Multiplying Complex Numbers: (x-1+i)(x-1-i)
This expression involves multiplying two complex numbers. Let's break down the process and understand the result:
Understanding Complex Numbers
Complex numbers are expressed in the form a + bi, where:
- a represents the real part.
- b represents the imaginary part.
- i is the imaginary unit, defined as the square root of -1 (i² = -1).
Multiplying the Expression
We'll use the distributive property (also known as FOIL) to multiply the complex numbers:
(x-1+i)(x-1-i) = (x-1)(x-1) + (x-1)(-i) + (i)(x-1) + (i)(-i)

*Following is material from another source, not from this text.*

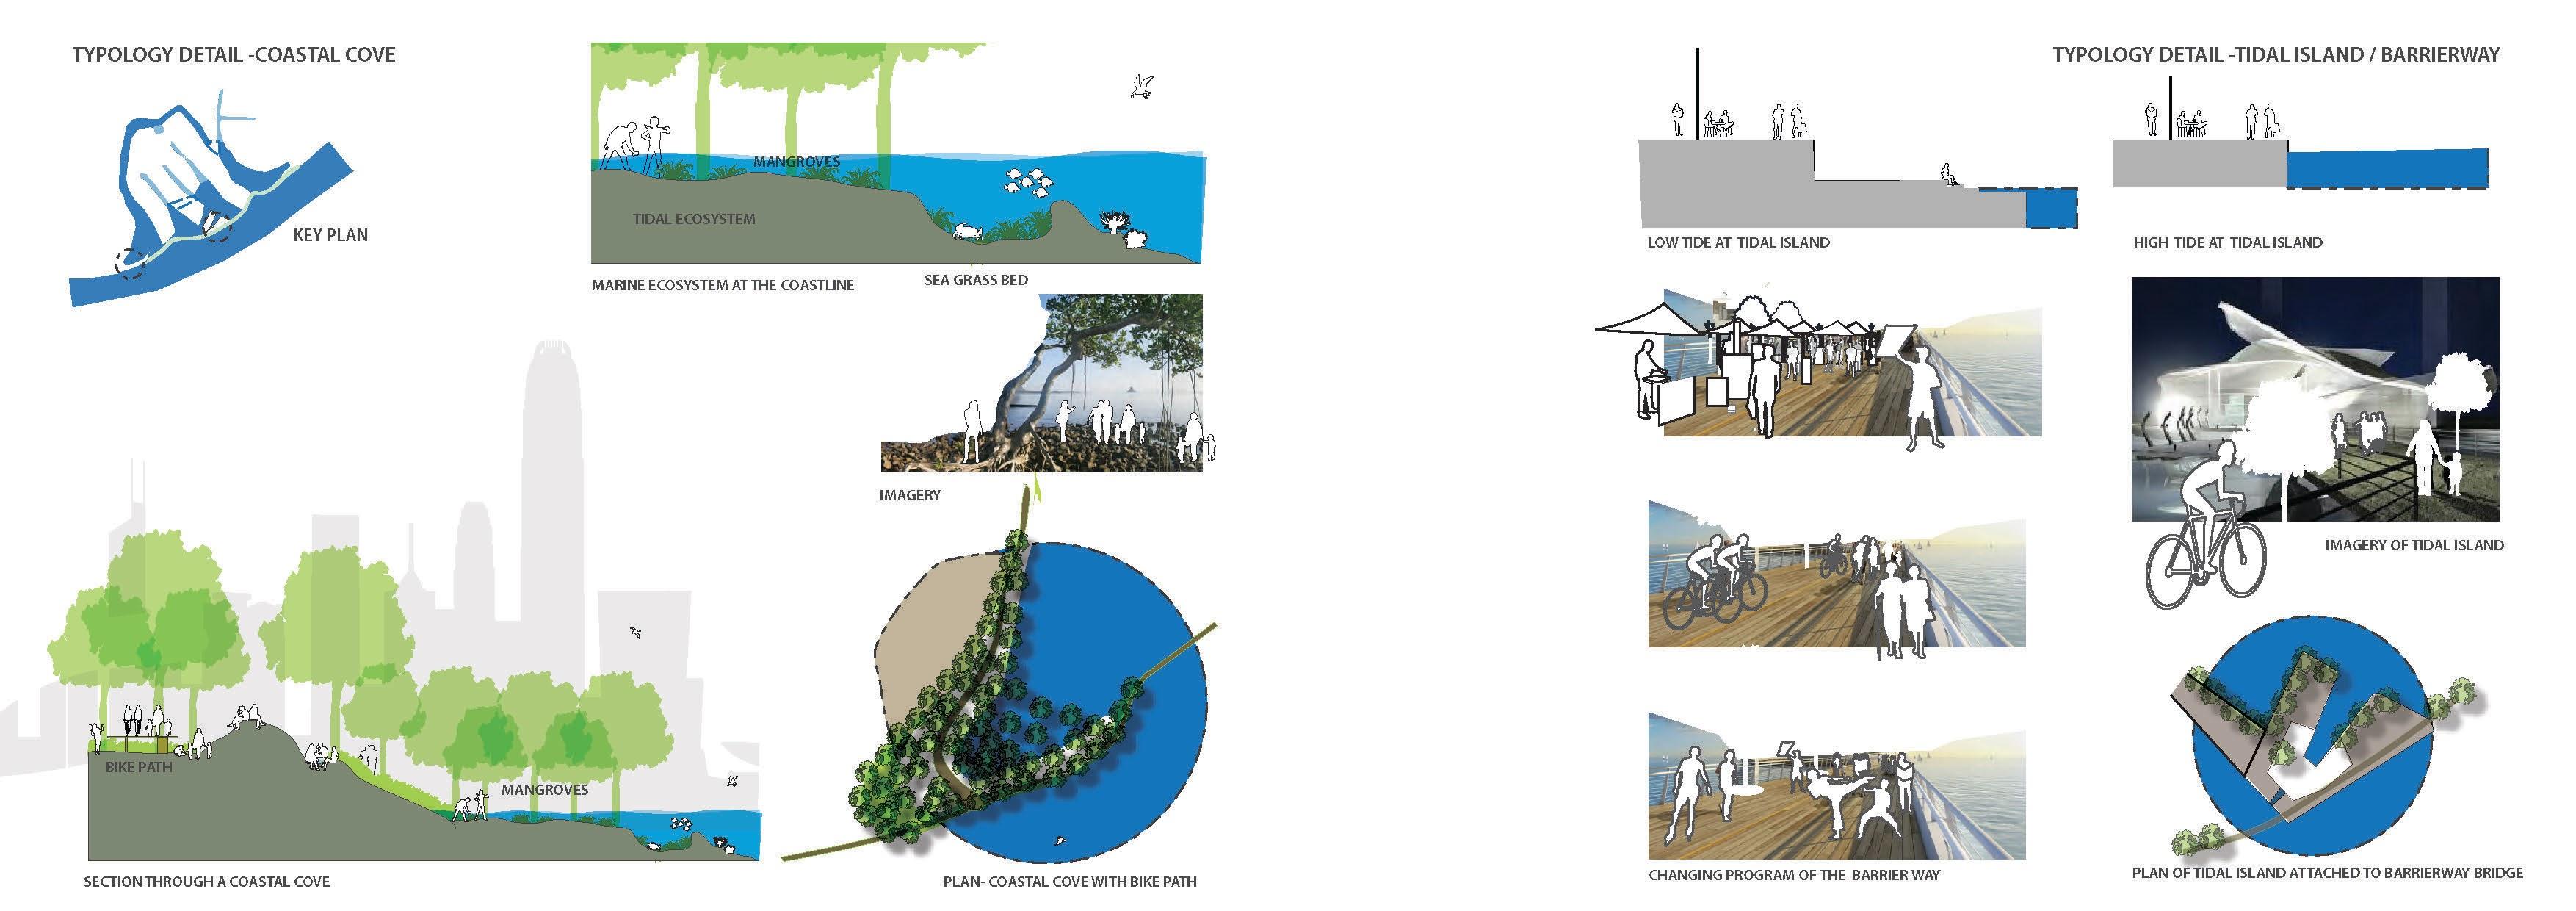 global metro urbanism- coastal defibrillation_Page_14

Now, let's simplify each term:
- (x-1)(x-1) = x² - 2x + 1
- (x-1)(-i) = -ix + i
- (i)(x-1) = ix - i
- (i)(-i) = -i² = -(-1) = 1
Combining the terms:
(x² - 2x + 1) + (-ix + i) + (ix - i) + 1 = x² - 2x + 2
The Result
Therefore, the product of (x-1+i)(x-1-i) is x² - 2x + 2. Notice that the result is a real quadratic polynomial with no imaginary component.
Why is the Result Real?
The reason we get a real result is due to the special nature of the two complex numbers being multiplied. They are complex conjugates.
Complex conjugates have the same real part but opposite imaginary parts. When multiplied, the imaginary terms cancel out, leaving only the real terms.